Last week, the Portland City Council voted on a measure that licenses cannabis delivery services. The initiative was tagged as a way to promote “micro-business entrepreneurs” in the cannabis space.
Thus far, one of the major criticisms of legalization laws around the country is that legalization makes room for big marijuana businesses over small operations. However, these Portland legislation changes seek to encourage small-scale cannabis businesses.
The amendments passed by the Council create tiered licenses for establishments of different sizes. Portland is following in the steps of the Oregon Liquor Control Commission, and will require distinguished licensing for 625 foot grows, 1250 foot grows, and another type for micro-wholesalers.

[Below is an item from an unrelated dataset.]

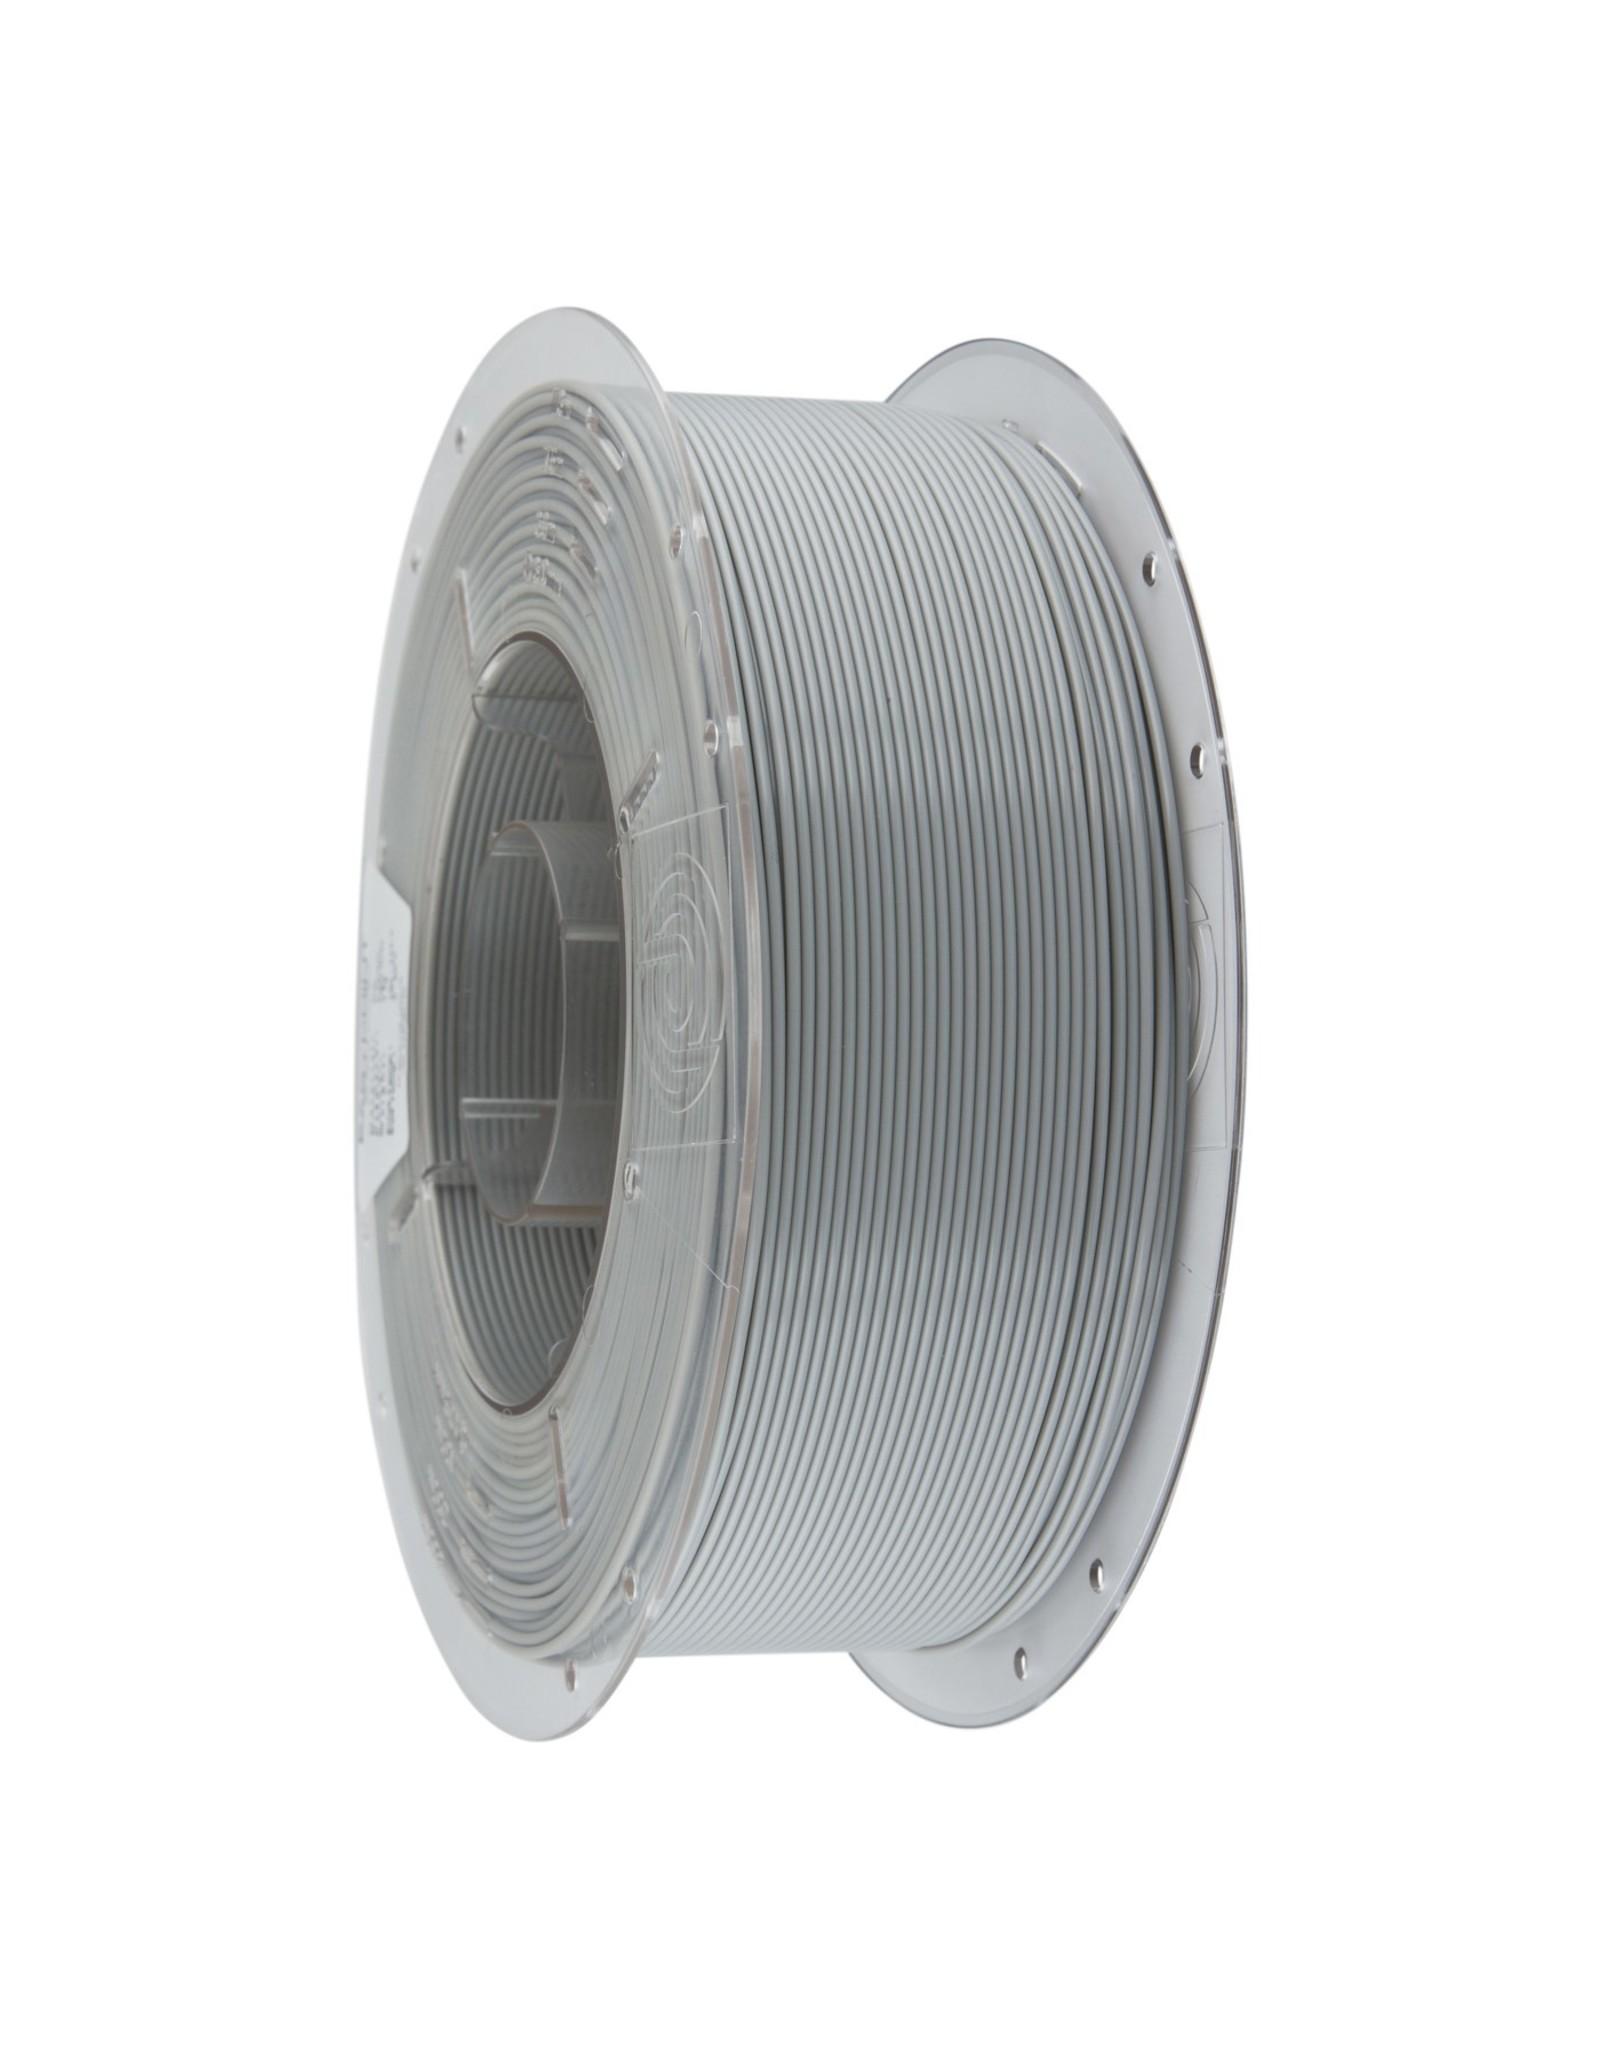 Prima Prima Easyprint PLA 1.75mm 1kg Licht grijs

Micro-wholesalers grow and distribute seedlings to cultivation operations and other cannabis businesses for resale.
Mayor Charlie Hales expressed excitement over the new measures. As reported by telling The Oregonian, Hales said,
It’s great to see small businesses starting in the community, trying to do this the right way, and working with us trying to figure out the regulatory issues as we go along.
Unfortunately, up until now, the City has been backlogged with licensing applications. If ultimately approved, the new amendments will lower licensing fees for small producers and wholesalers.
Overall, the updated licensing regulations are an effort to make the entire process much easier and faster for both the City and business prospects. The City wants to get more cannabis companies into full compliance with evolving regulations as quickly as possible.
The introduction of delivery services and new permits for developing sectors of the cannabis industry are intended to accomplish two things.
First, spur development. Second, address public concerns about the cannabis space. Yet, the slow roll out of licenses and the quickly changing compliance put some cannabis businesses in a tricky position.
Back in October of this year, Oregon implemented the most stringent cannabis testing regulations of any state. And more changes may be to come.
Jeff Rhoades, a senior adviser to Gov. Kate Brown, hopes to streamline cannabis regulations with other agricultural crops, such as apples and grapes.
Currently, the cannabis is subject to comprehensive testing at all stages of the production process, from flower to oil. Some argue that these new quality assurance standards are leaving dispensary shelves a little light, as producers rush to comply with the new standards.
All in all, Oregon cannabis businesses will be facing some end of year stress, as the statewide compliance deadline is set for the New Year.
Yet, Portland businesses have some breathing room. Due to the recent licensing delays, Portland City Council Commissioner Amanda Fritz stated at last week’s council meeting that the city will not shut down businesses who do not have their licenses by the first of the year.
After all, the council wants to help everyone achieve compliance as quickly as possible. Fritz explains,
We want to be very clear that the city and the Cannabis Policy Program will not be taking enforcement measures against any legally operating marijuana business that is currently waiting in line for its recreational license to be issued.
Though compliance and evolving regulations are a pain point for the industry right now, the rules proposed by the City Council attempt to sort out the issue. Not to mention, they have some serious positives.
The addition of delivery couriers will allow for greater industry and small businesses expansion overall, giving entrepreneurs more opportunities to get involved.
Not to mention, anything that speeds up the licensing and compliance process is sorely needed. The Portland City Council measures will be up for another hearing this week.